=== DESCRIPTION OF THE TASK ===
Hand back, word for word, the lines from the one containing "Write an equation" to the end of the records, both included, and leave out pictures.

• • •

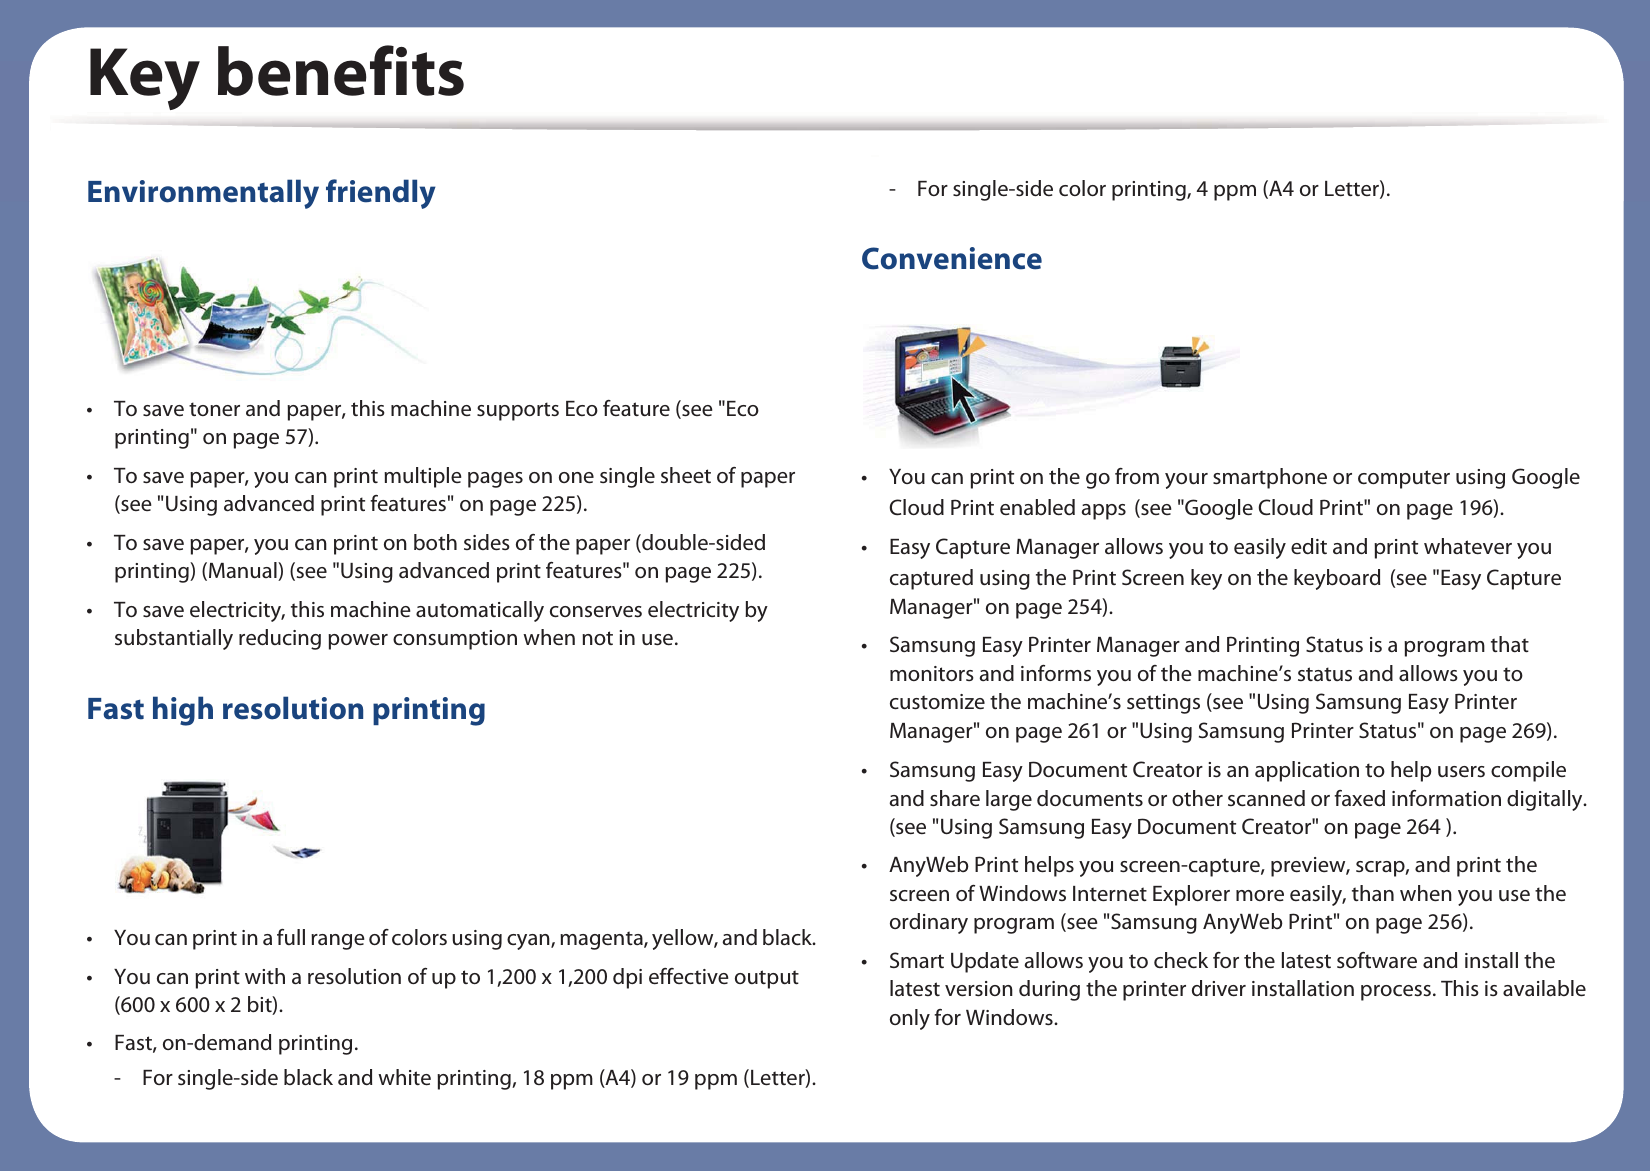 Key benefitsEnvironmentally friendly• To save toner and paper, this machine supports Eco feature (see &quot;Eco printing&quot; on page 57).• To save paper, you can print multiple pages on one single sheet of paper (see &quot;Using advanced print features&quot; on page 225).• To save paper, you can print on both sides of the paper (double-sided printing) (Manual) (see &quot;Using advanced print features&quot; on page 225).• To save electricity, this machine automatically conserves electricity by substantially reducing power consumption when not in use.Fast high resolution printing• You can print in a full range of colors using cyan, magenta, yellow, and black.• You can print with a resolution of up to 1,200 x 1,200 dpi effective output (600 x 600 x 2 bit).• Fast, on-demand printing.- For single-side black and white printing, 18 ppm (A4) or 19 ppm (Letter).- For single-side color printing, 4 ppm (A4 or Letter).Convenience• You can print on the go from your smartphone or computer using Google Cloud Print enabled appsG(see &quot;Google Cloud Print&quot; on page 196).• Easy Capture Manager allows you to easily edit and print whatever you captured using the Print Screen key on the keyboardG(see &quot;Easy Capture Manager&quot; on page 254).• Samsung Easy Printer Manager and Printing Status is a program that monitors and informs you of the machine’s status and allows you to customize the machine’s settings (see &quot;Using Samsung Easy Printer Manager&quot; on page 261 or &quot;Using Samsung Printer Status&quot; on page 269).• Samsung Easy Document Creator is an application to help users compile and share large documents or other scanned or faxed information digitally. (see &quot;Using Samsung Easy Document Creator&quot; on page 264 ).• AnyWeb Print helps you screen-capture, preview, scrap, and print the screen of Windows Internet Explorer more easily, than when you use the ordinary program (see &quot;Samsung AnyWeb Print&quot; on page 256).• Smart Update allows you to check for the latest software and install the latest version during the printer driver installation process. This is available only for Windows.
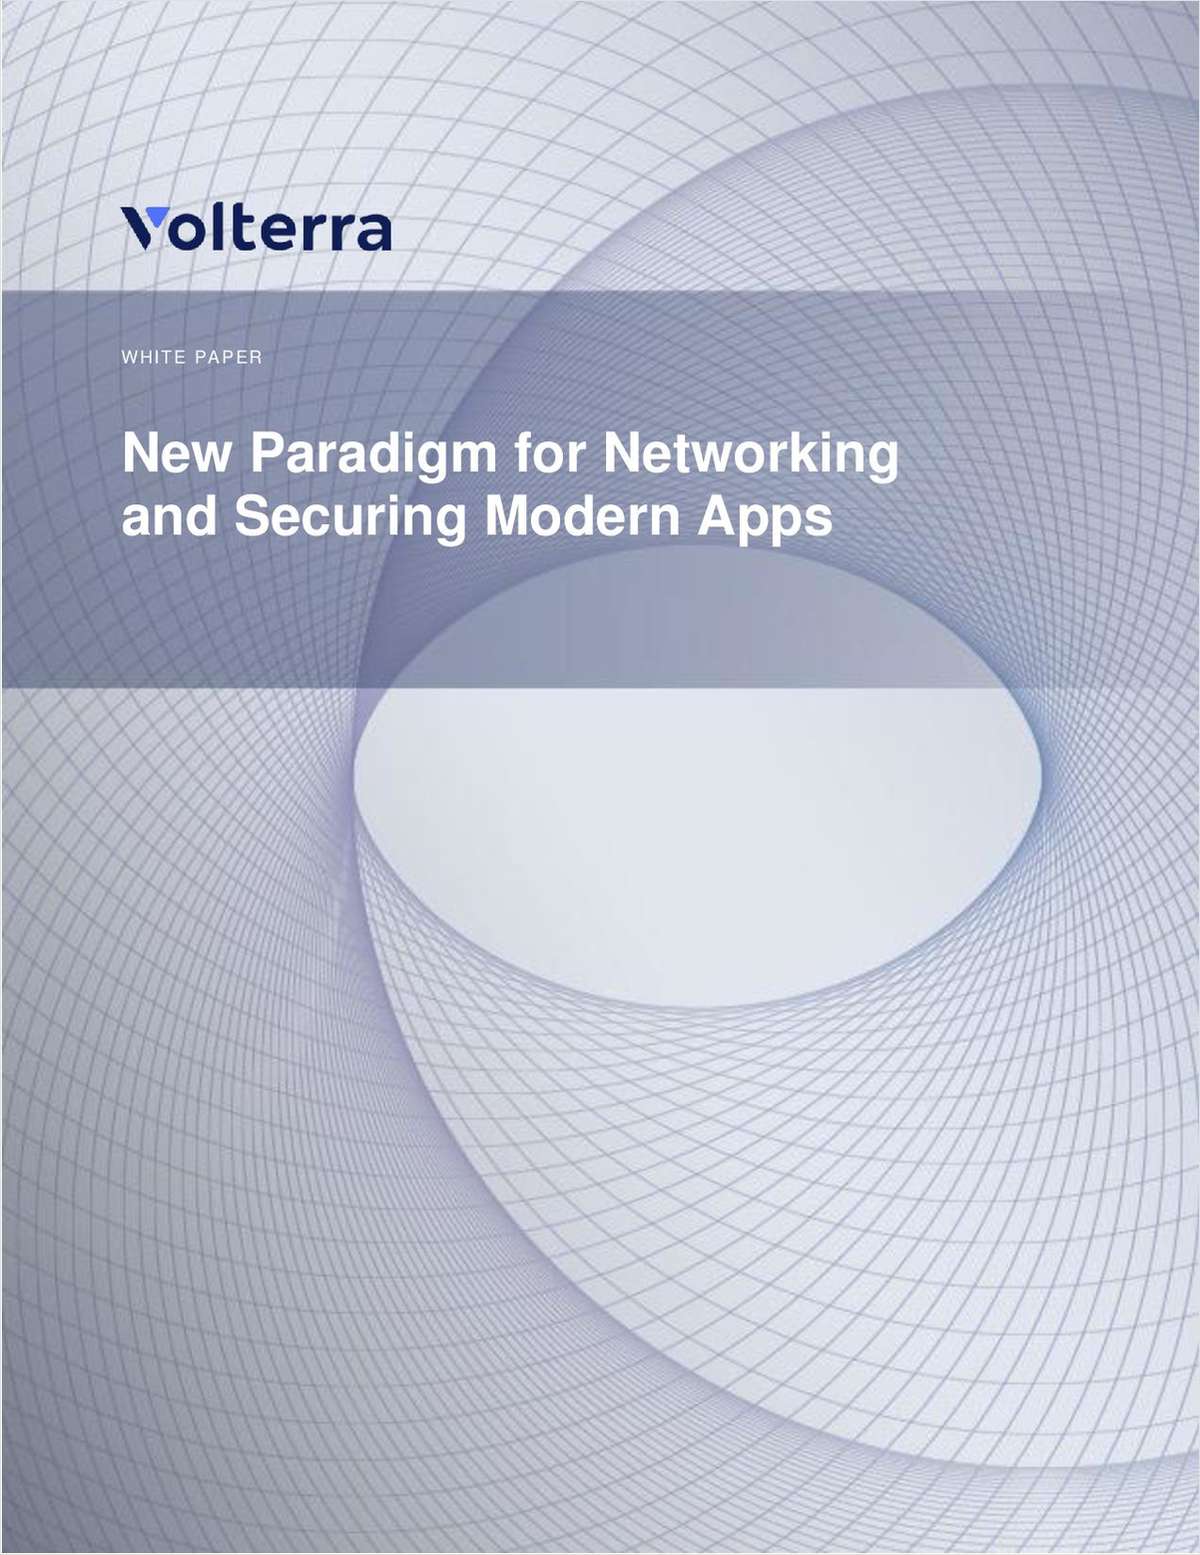 New Paradigm for Networking and Securing Modern Apps
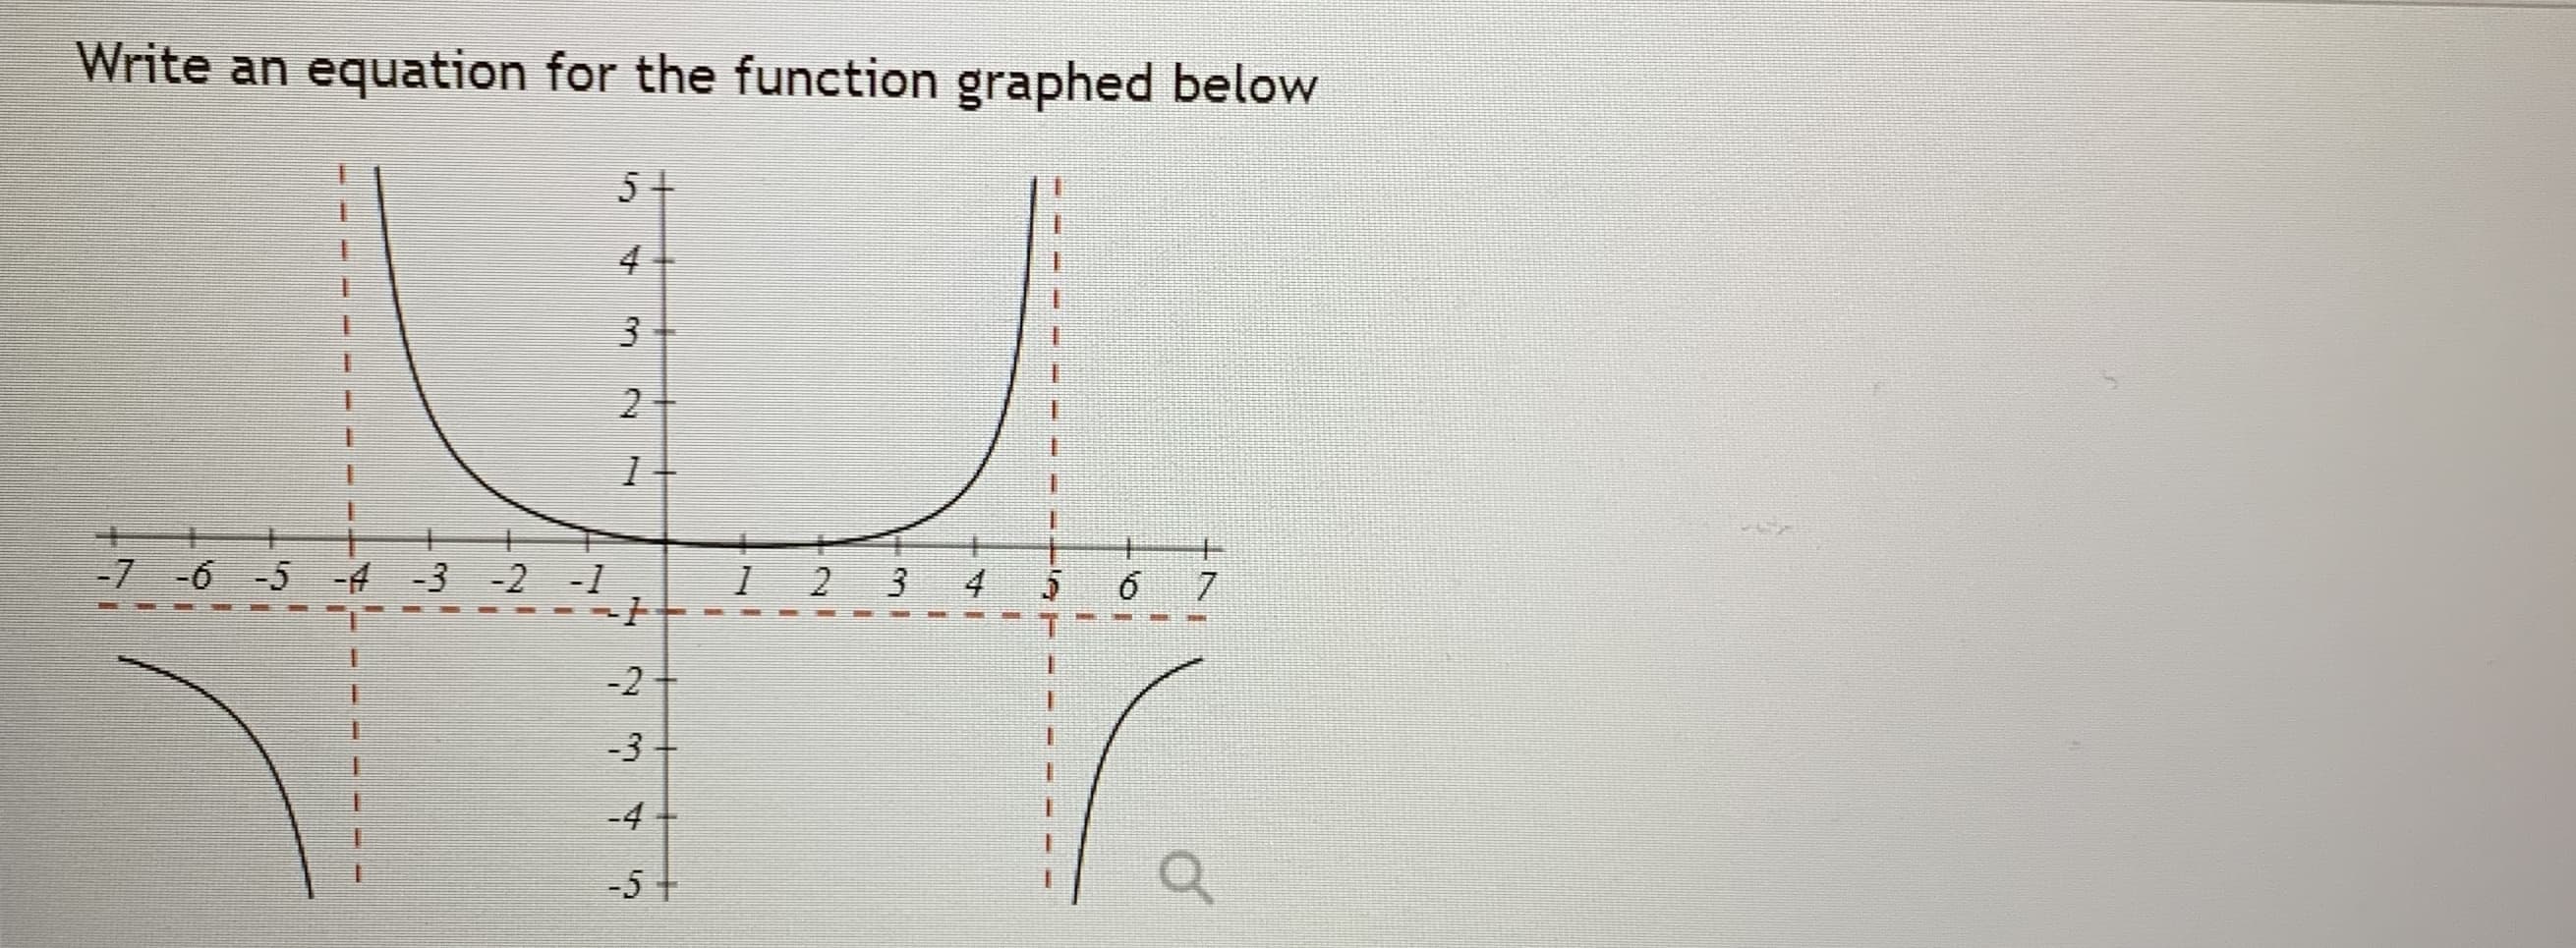 Write an equation for the function graphed below
5+
4
-7 -6 -5 -4 -3 -2 -1
2 3
4
7.
-2+
-3+
-4
-5 +
3.
2.

• • •

=== YOUR SOLUTION ===
 Write an equation for the function graphed below
5+
4
-7 -6 -5 -4 -3 -2 -1
2 3
4
7.
-2+
-3+
-4
-5 +
3.
2.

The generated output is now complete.